2.1. Identification of Cas12a Protein Cleavage Activity

The purified Cas12a protein exhibited high purity and concentration following a series of purification steps (Supplementary Figure S1). To characterize the cis- and trans-cleavage activities of the purified Cas12a protein, we conducted four experimental setups using pUC57-G4, pUC57-G5, and pUC57-G9 recombinant plasmids as templates. The nucleotide sequence alignment analysis of the different rotavirus subtypes revealed that the fragments amplified by RAA and primer sequences were conserved across almost all respective subtypes (Supplementary Figure S2). Furthermore, the crRNA-targeted regions exhibited specificity for rotavirus genotypes G4, G5, and G9 (Figure 2). Reaction products were analyzed through 2% agarose gel electrophoresis. Figure 3a,c demonstrates the dsDNA cleavage activity of CRISPR/Cas12a systems (G4, G5, and G9) under varying conditions. The gel electrophoresis lanes are configured as follows: Lane 1—DNA ladder; Lane 2—target DNA alone; Lane 3—target DNA with Cas12a protein; Lane 4—target DNA with Cas12a protein and CRISPR RNA (crRNA); Lane 5—target DNA with crRNA alone. Complete cleavage efficiency of the target dsDNA was observed exclusively in Lane 4 (Cas12a + crRNA + target DNA), confirming that cis-cleavage activity required the presence of all three components (Cas12a, crRNA, and target DNA). Figure 3d–f validates the ssDNA trans-cleavage activity of the purified Cas12a protein using M13mp18 circular ssDNA. The lane configurations are Lane 1—DNA ladder; Lane 2—Cas12a protein + ssDNA + crRNA; Lane 3—ssDNA + target DNA + crRNA; Lane 4—Cas12a + ssDNA + crRNA + target DNA. The significant non-specific degradation of ssDNA occurred only in Lane 4, where the ternary Cas12a/crRNA/target DNA complex was formed. This result demonstrates that trans-cleavage activity is strictly dependent on the prior activation of Cas12a through target DNA recognition. The cis-cleavage of dsDNA targets by Cas12a systems occurs with full efficiency only when Cas12a, crRNA, and target DNA are co-present (Figure 3a−c); the trans-cleavage of ssDNA reporters is triggered exclusively upon ternary complex formation, as evidenced by the degradation of M13mp18 ssDNA in activated reactions (Figure 3d−f). These findings collectively demonstrate that the Cas12a protein possesses robust cis- and trans-cleavage capabilities.

2.2. Establishment and Optimization of RT-RAA System

Four primer pairs were initially designed for the RT-RAA of target genes (Table 1).

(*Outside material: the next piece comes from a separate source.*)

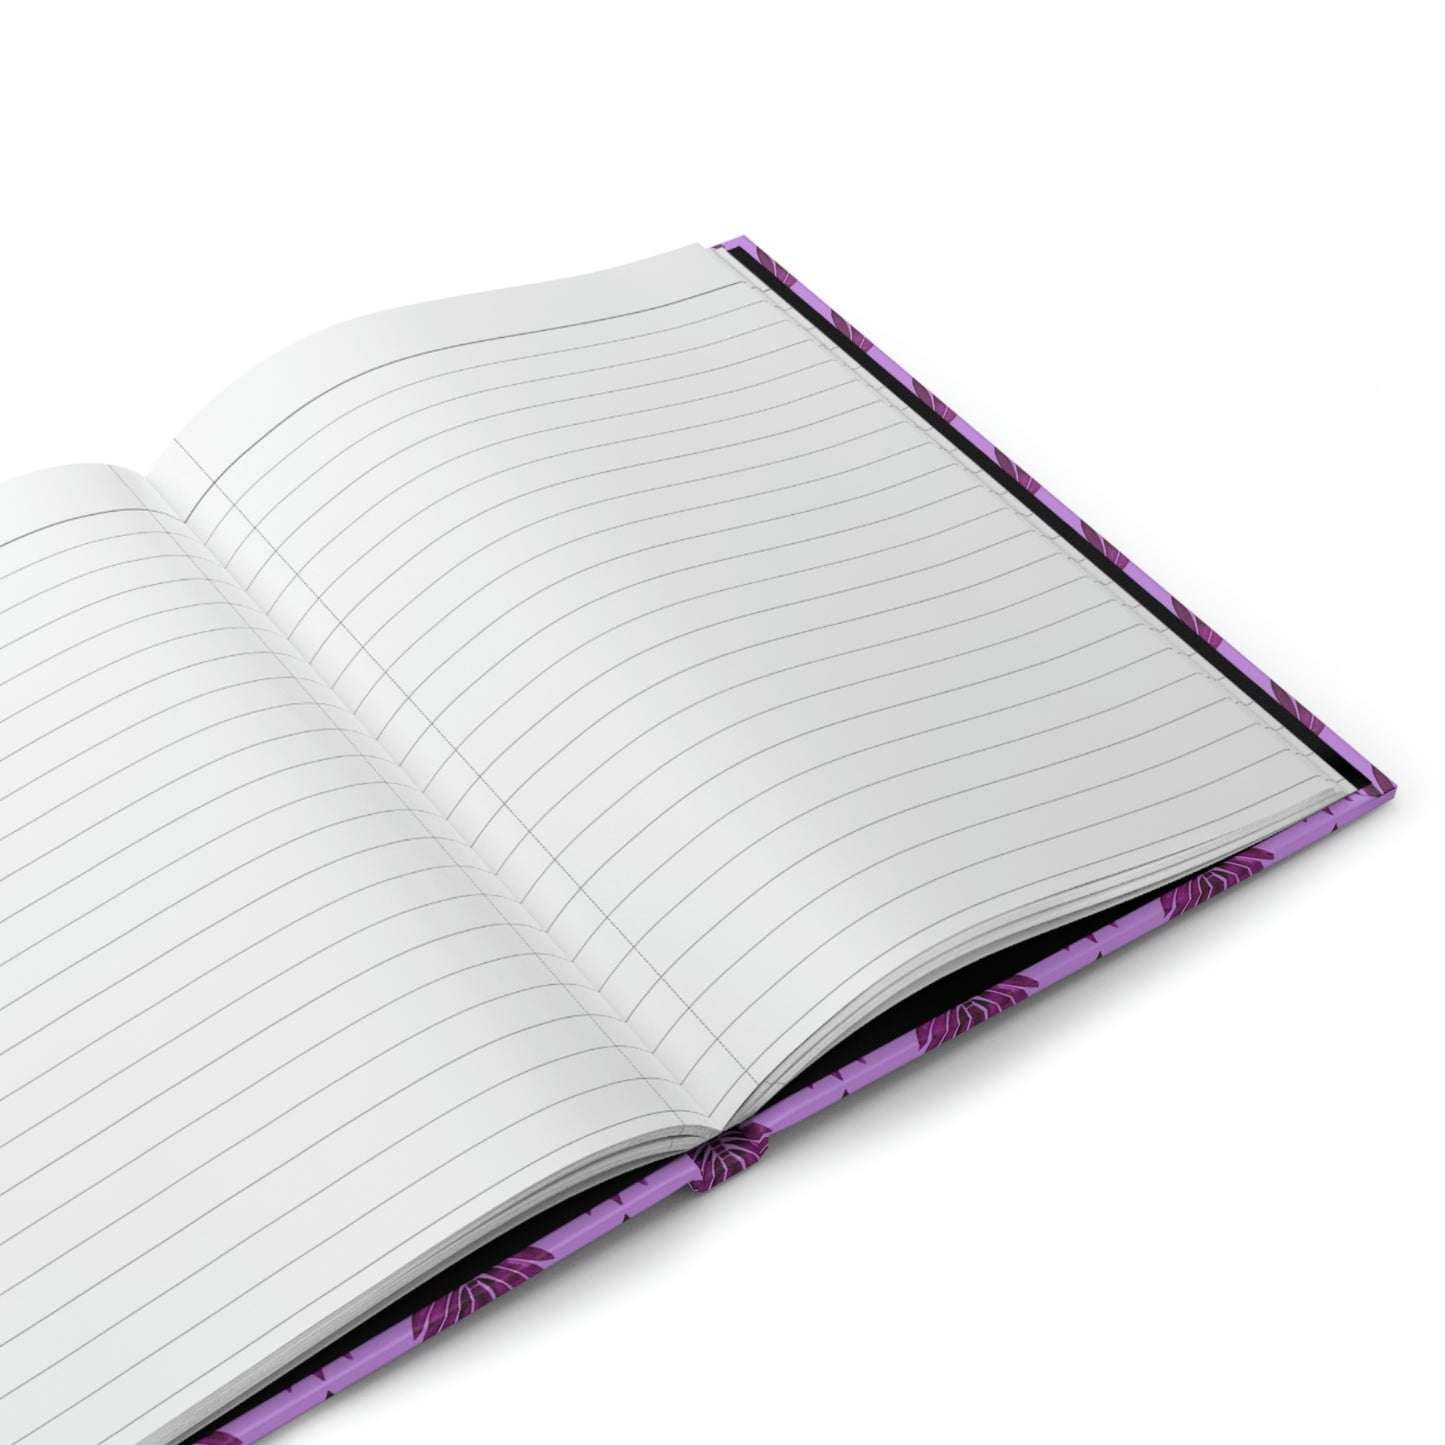 Yoga Journal - Violet Pink Flower Feather Hardcover Journal Matte

An electrophoretic analysis (2% agarose gel) identified primer pair No. 4 as optimal, producing the highest yield of amplified products with minimal nonspecific bands (Supplementary Figure S3a). Then we optimized the RT-RAA reaction conditions from three aspects: reaction time, reaction temperature, and primer concentration. Reaction time: amplification products became detectable at 5 min, increased progressively until 20 min, and plateaued thereafter (Supplementary Figure S3b). A 20 min reaction time was selected for rapid diagnostics. Primer concentration: testing concentrations from 0.1 μM to 0.6 μM revealed maximal target amplification at 0.4 μM (Supplementary Figure S3c). Temperature: comparative analysis across 35–41 °C demonstrated slightly enhanced product yield at 37 °C (Supplementary Figure S3d).

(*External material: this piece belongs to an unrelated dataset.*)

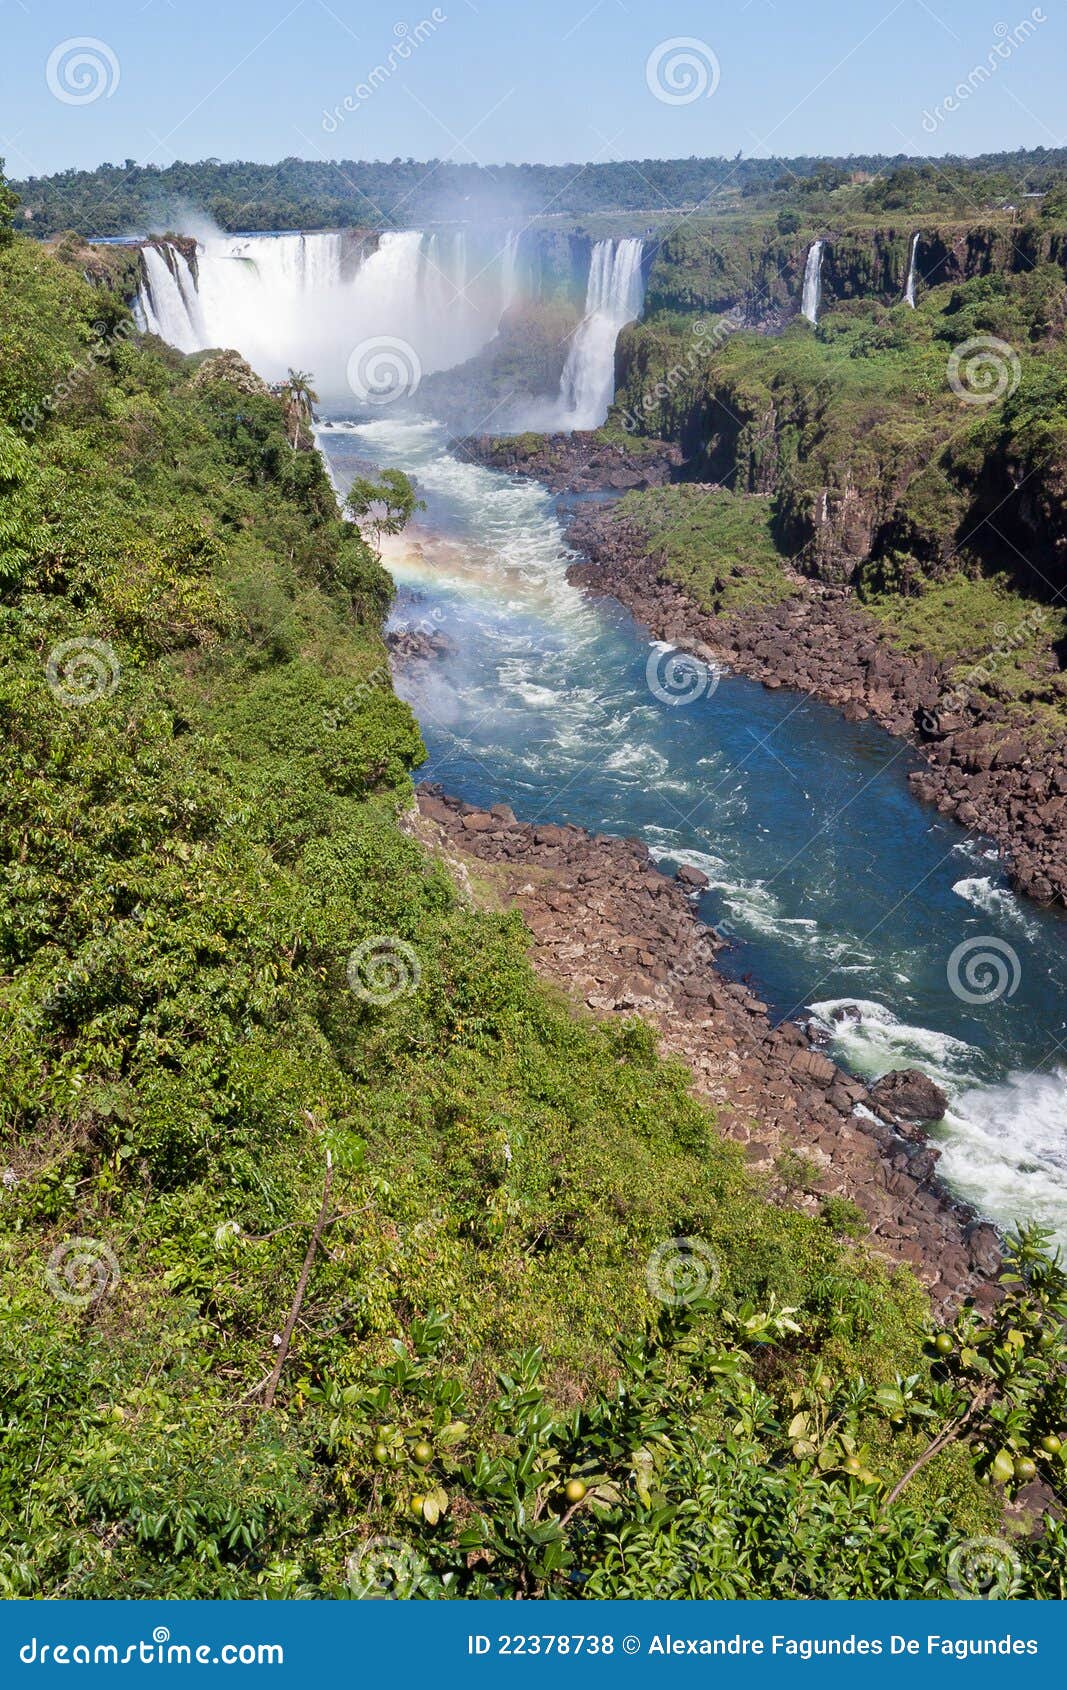 iguassu falls canyon argentina and brazil

2.3. Optimization of a Single-Tube RT-RAA–CRISPR/Cas12a Assay System

To minimize the risk of contamination, we developed a single-tube detection system. The RT-RAA reaction mixture was first added to the bottom of a centrifuge tube. Subsequently, 10 μL of the Cas12a detection system was loaded onto the inner surface of the tube lid [29]. After gently sealing the lid, RT-RAA was allowed to proceed to completion. Finally, a brief centrifugation step was performed to transfer the Cas12a system from the lid to the reaction mixture at the bottom of the tube, enabling Cas12a-mediated target cleavage [30,31,32]. To validate the feasibility of this method, template-containing positive controls and no-template negative controls were established for genes G4, G5, and G9. Fluorescence signals were quantitatively analyzed using a multifunctional microplate reader and visually confirmed with fluorescent detection tubes. As shown in the results (Supplementary Figure S4), all the positive controls exhibited significant fluorescence, whereas no fluorescence was observed in the negative controls, confirming the effectiveness of the method.
Subsequently, to optimize the detection system, CutBuffer was selected as the reaction buffer based on the literature references [33], with Cas12a protein and crRNA concentrations fixed at 350 nM and 200 nM, respectively. For reaction time optimization (using G4 as the model target), the reaction progress was monitored at different time intervals via the microplate reader and fluorescent tubes. The results indicated that the reaction reached a plateau phase at 30 min (Figure 4a); thus, 30 min was chosen as the optimal cleavage duration to achieve rapid detection. To further optimize ssDNA concentration, a gradient series (125, 250, 500, 750, and 1000 nM) was tested under standardized conditions (37 °C, 30 min, excitation/emission wavelengths of 485/535 nm). Fluorescence signals at the reaction endpoint demonstrated that the 500 nM ssDNA concentration yielded the highest fluorescence increase in the positive groups and the maximal signal-to-noise ratio (S/N), establishing 500 nM as the optimal concentration (Figure 4b).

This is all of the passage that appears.